2ce: c1 e2 02 shl $0x2,%edx
2d1: b8 44 9d 04 08 mov $0x8049d44,%eax
2d6: 01 d0 add %edx,%eax
# Wait, what are we doing with the FPU?
2d8: dd 55 e8 fstl -0x18(%ebp)
2db: dd d8 fstp %st(0)
# Okay, load s[k]
2dd: 8b 08 mov (%eax),%ecx
2df: 51 push %ecx
2e0: db 04 24 fildl (%esp)
2e3: 83 c4 04 add $0x4,%esp
# I don't know what's going on here either.
2e6: dd 55 e0 fstl -0x20(%ebp) # ???
2e9: dd d8 fstp %st(0) # ???
2eb: dd 05 74 9e 04 08 fldl 0x8049e74 # Maybe 0.1?
# But this looks like the weighted sum.
2f1: dc 4d e0 fmull -0x20(%ebp)
2f4: dc 45 e8 faddl -0x18(%ebp)
2f7: d9 2d 7c 9e 04 08 fldcw 0x8049e7c # ???
2fd: 81 ec 04 00 00 00 sub $0x4,%esp
# Store the weighted-sum result at the stack pointer.
303: db 1c 24 fistpl (%esp)
306: d9 2d 7e 9e 04 08 fldcw 0x8049e7e # ???
# And now load it into %eax.
30c: 58 pop %eax
# Load the pointer where we are going to save the result (stored at
# 0x28d above) into %ecx.
30d: 8b 4d f8 mov -0x8(%ebp),%ecx
# Save the result.
310: 89 01 mov %eax,(%ecx)
# Shift the result before emitting it with fputc.
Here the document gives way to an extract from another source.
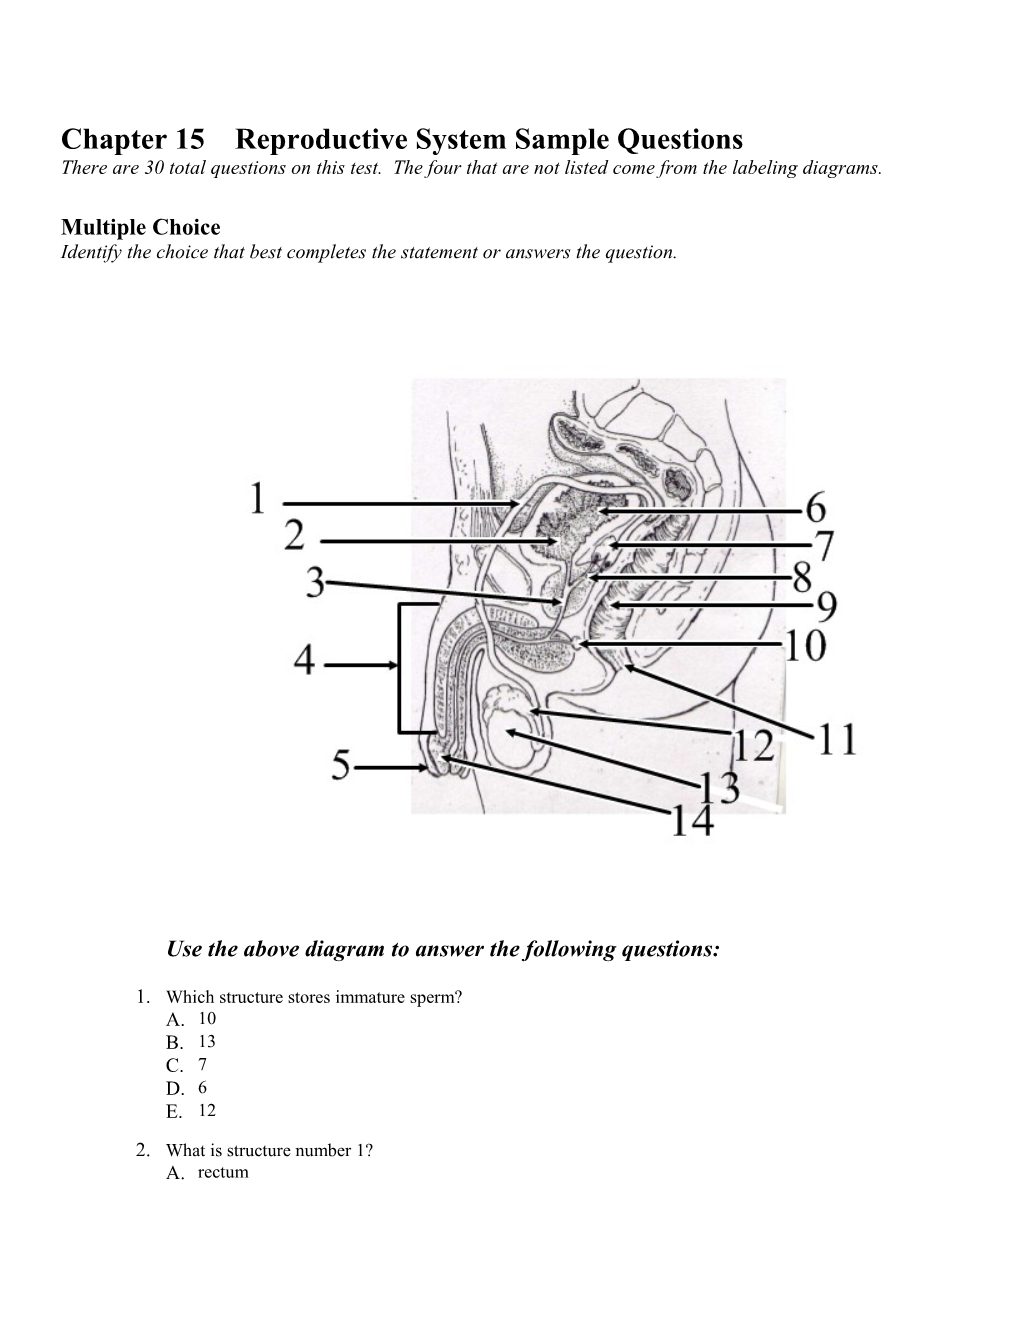 Chapter 15 Reproductive System Sample Questions

Note that we
# don't load it from memory again.
312: c1 f8 08 sar $0x8,%eax
# Load o into %ecx to push it.
315: 8b 4d fc mov -0x4(%ebp),%ecx
318: 51 push %ecx
319: 50 push %eax
31a: e8 f1 09 00 00 call 0xd10 # fputc
31f: 83 c4 08 add $0x8,%esp # pop fputc args
322: e9 3d ff ff ff jmp 0x264 (mainloop)
exitloop:
327: c9 leave
328: c3 ret
The only real optimization TCC managed here was to keep a value in a register, once, and constant-fold the loop bound. It didn't attempt common subexpression elimination, and its FPU code is relatively horrible.